Imagine that you've not eaten a decent meal in months, that the hunger is squeezing and burning you from the inside, and that suddenly you find yourself at an 18-course feast of a dinner -- say perhaps at a summit meeting of world leaders discussing food shortages. You sit down at the table, and they bring in giant platters of the most delicious foods, building a rolling mountain chain of delicacies from one end of the table to the other. On Thursday, July 10, 2008, Americans, rich and poor, had this experience. Our national sustenance is found in our Constitution and our Bill of Rights, and it's been many months that we've been deprived of them. In May of 2006, then House Speaker to be Nancy Pelosi had ordered impeachment "off the table." On Thursday, Congressman Dennis Kucinich put it back on, and we suddenly feasted our eyes on our recently lost Fourth Amendment, on our old staple Habeas Corpus, on our sweet Freedom of Speech, and on our bountiful right to be represented and hold our elected officials to the rule of law.

How did this happen?
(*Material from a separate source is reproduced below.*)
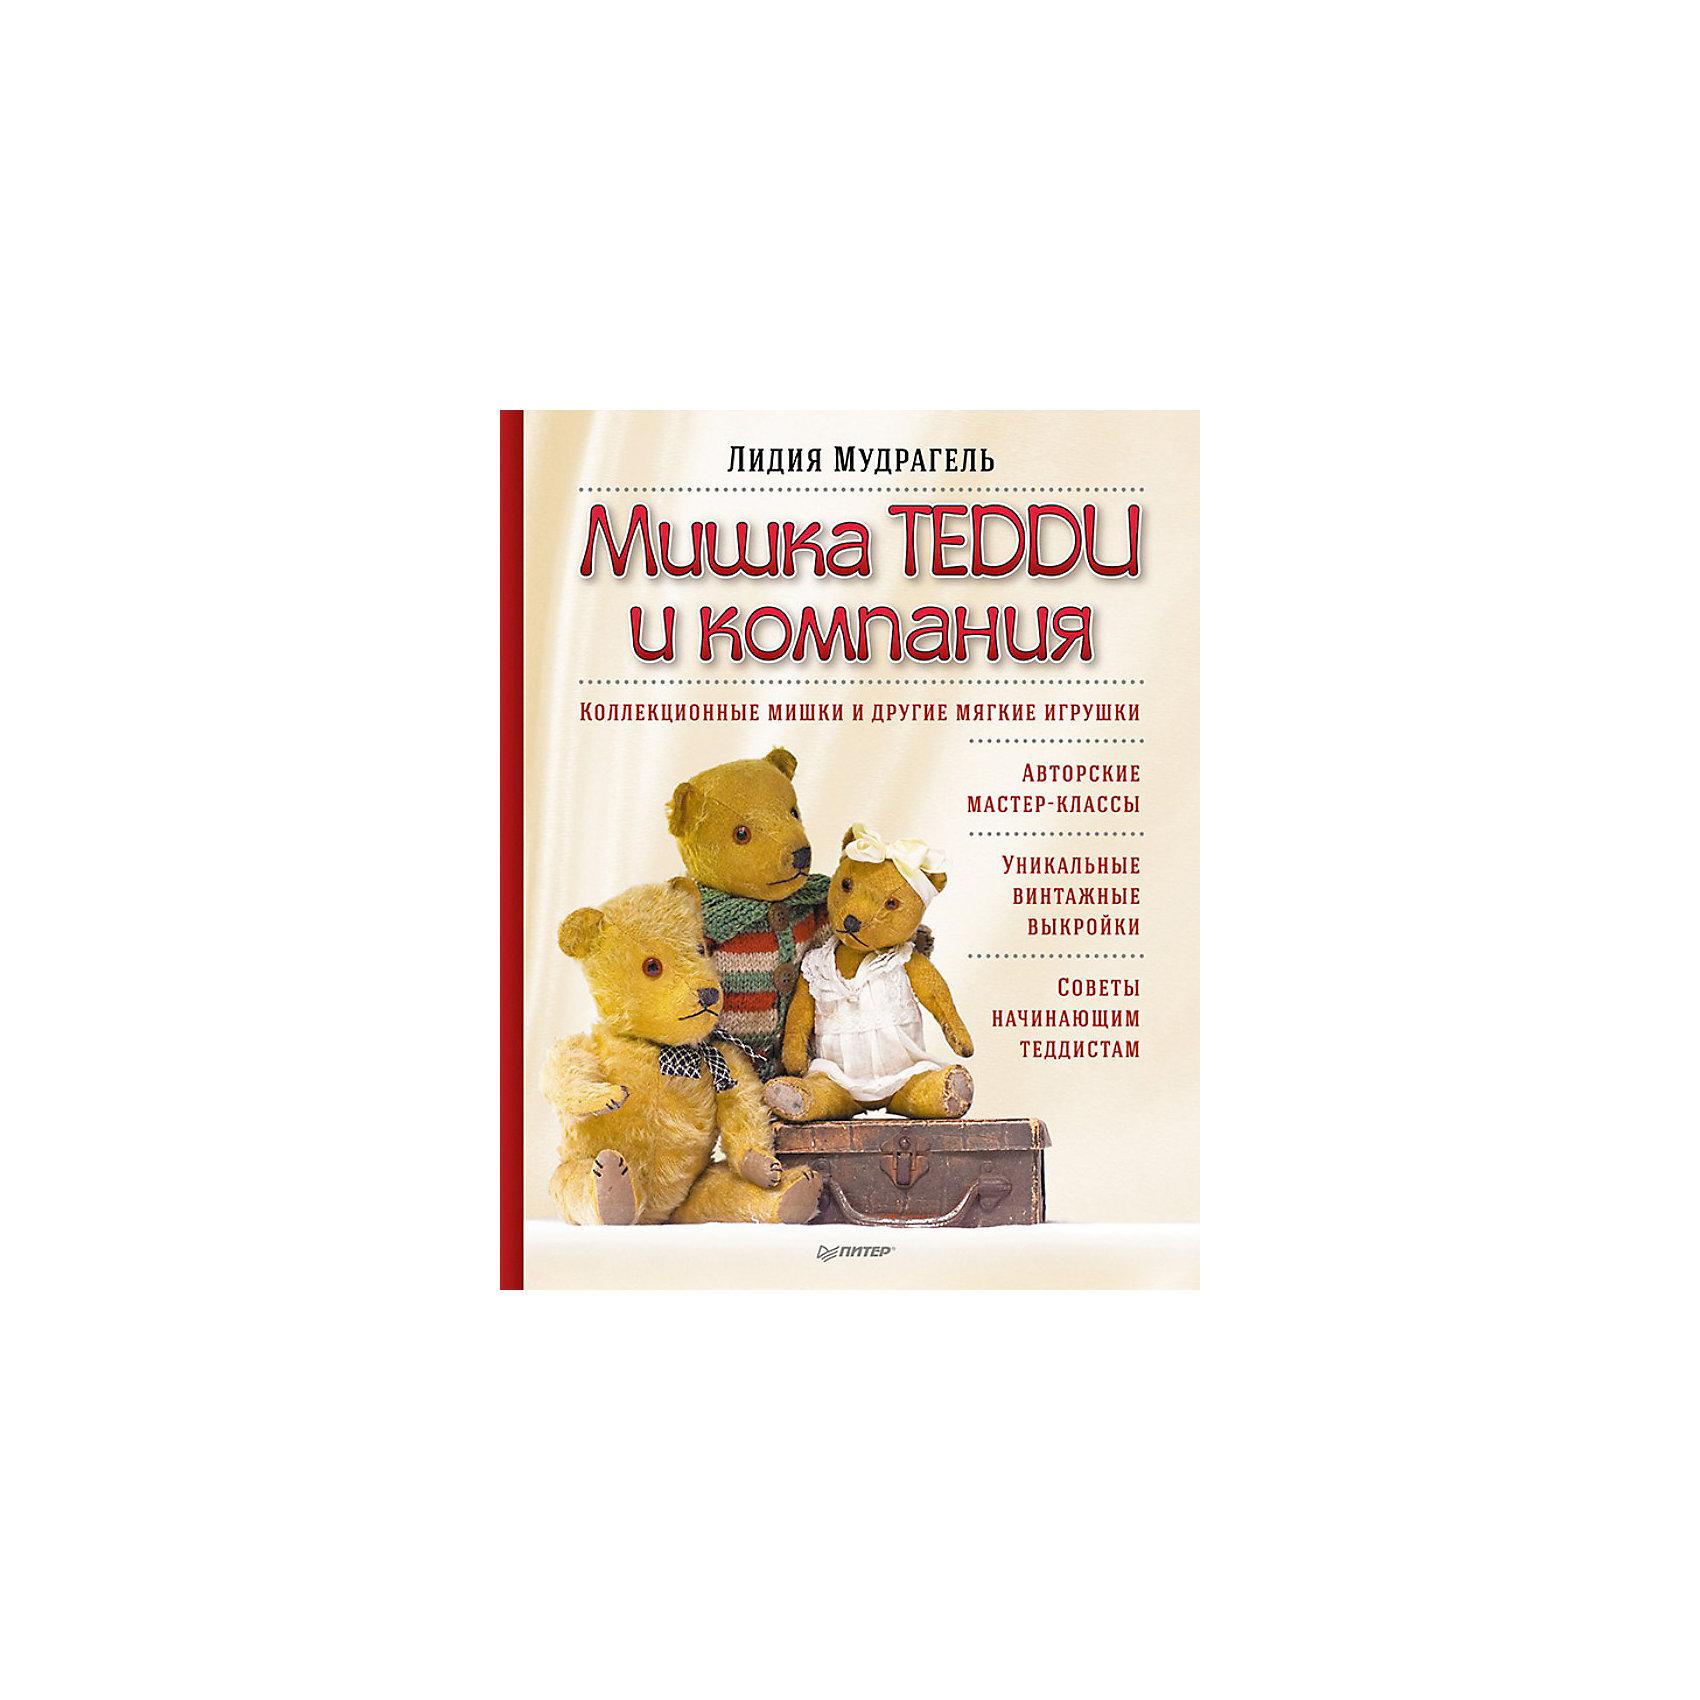 Мишка Тедди и компанияМишка Тедди – культовая детская игрушка из ткани. Изготовление кукол – настоящее искусство, которое появилось много лет назад и актуально до сих пор. Научиться делать шедевры поможет книга «Мишка Тедди и компания», которая расскажет весь процесс изготовления куклы от выбора ткани до создания готового медведя.  Под руководством опытного мастера - реставратора ребенок будет осваивать первые шаги в искусстве создания мишки Тедди и его друзей. Книга содержит не только техническое описание создания куклы, но и практичные советы и секреты. Творчество такого плана развивает мелкую моторику и фантазию ребенка.<br><br>Дополнительная информация:<br>страниц: 128;<br>формат:  205 х 260 мм.<br><br>Книгу «Мишка Тедди и компания» можно купить в нашем магазине.<br><br>Ширина мм: 260<br>Глубина мм: 201<br>Высота мм: 11<br>Вес г: 529<br>Возраст от месяцев: -2147483648<br>Возраст до месяцев: 2147483647<br>Пол: Женский<br>Возраст: Детский<br>SKU: 4966249

Millions of Americans made clear to Pelosi their demand for impeachment hearings for Cheney and Bush. And one member of Congress took unusual steps to bring impeachment back from exile. First Kucinich introduced 3 articles of impeachment against Cheney. Then he introduced 35 against Bush. And on Thursday he introduced a single article of impeachment against Bush charging him with misleading Congress into a war on Iraq. And in each case, Kucinich introduced his resolution on the floor of the House, forcing the issue into the media and public discourse, and forcing a vote by his colleagues.

Apparently feeling the pressure and reluctant to have Kucinich raise impeachment on a weekly basis, Pelosi told the media that she expected the Judiciary Committee to consider the matter this time, at least in some half-way sort-of-impeachment hearing. Kucinich held a press conference on Thursday at which he said that what he wants is an opportunity to present his proposals to the Judiciary Committee.

Imagine, for the sake of argument, that Kucinich gets what he's asking for or that Pelosi follows through on her statement in one way or another. The public pressure that has been building for over three years will have achieved a victory. The work of Judiciary Committee members led by Robert Wexler lobbying Chairman John Conyers to begin impeachment hearings will have contributed. But the proximate cause of Pelosi's restoration of impeachment to our public table will have been Kucinich's willingness to introduce impeachment resolutions.

What, one has to wonder, would happen if other members of Congress, perhaps beginning with Wexler, were to introduce their own resolutions, with or without cosponsors, with or without forcing votes on the floor of the House. What if each of the dozens of members who have signed onto Kucinich's resolution and Wexler's letter, or to Conyers' own resolution in the last Congress, or who otherwise profess to support impeachment -- what if each of them were to introduce a resolution each week until Pelosi and Conyers granted them, too, a committee hearing? How many such hearings would have to happen before a full-blown impeachment hearing was begun?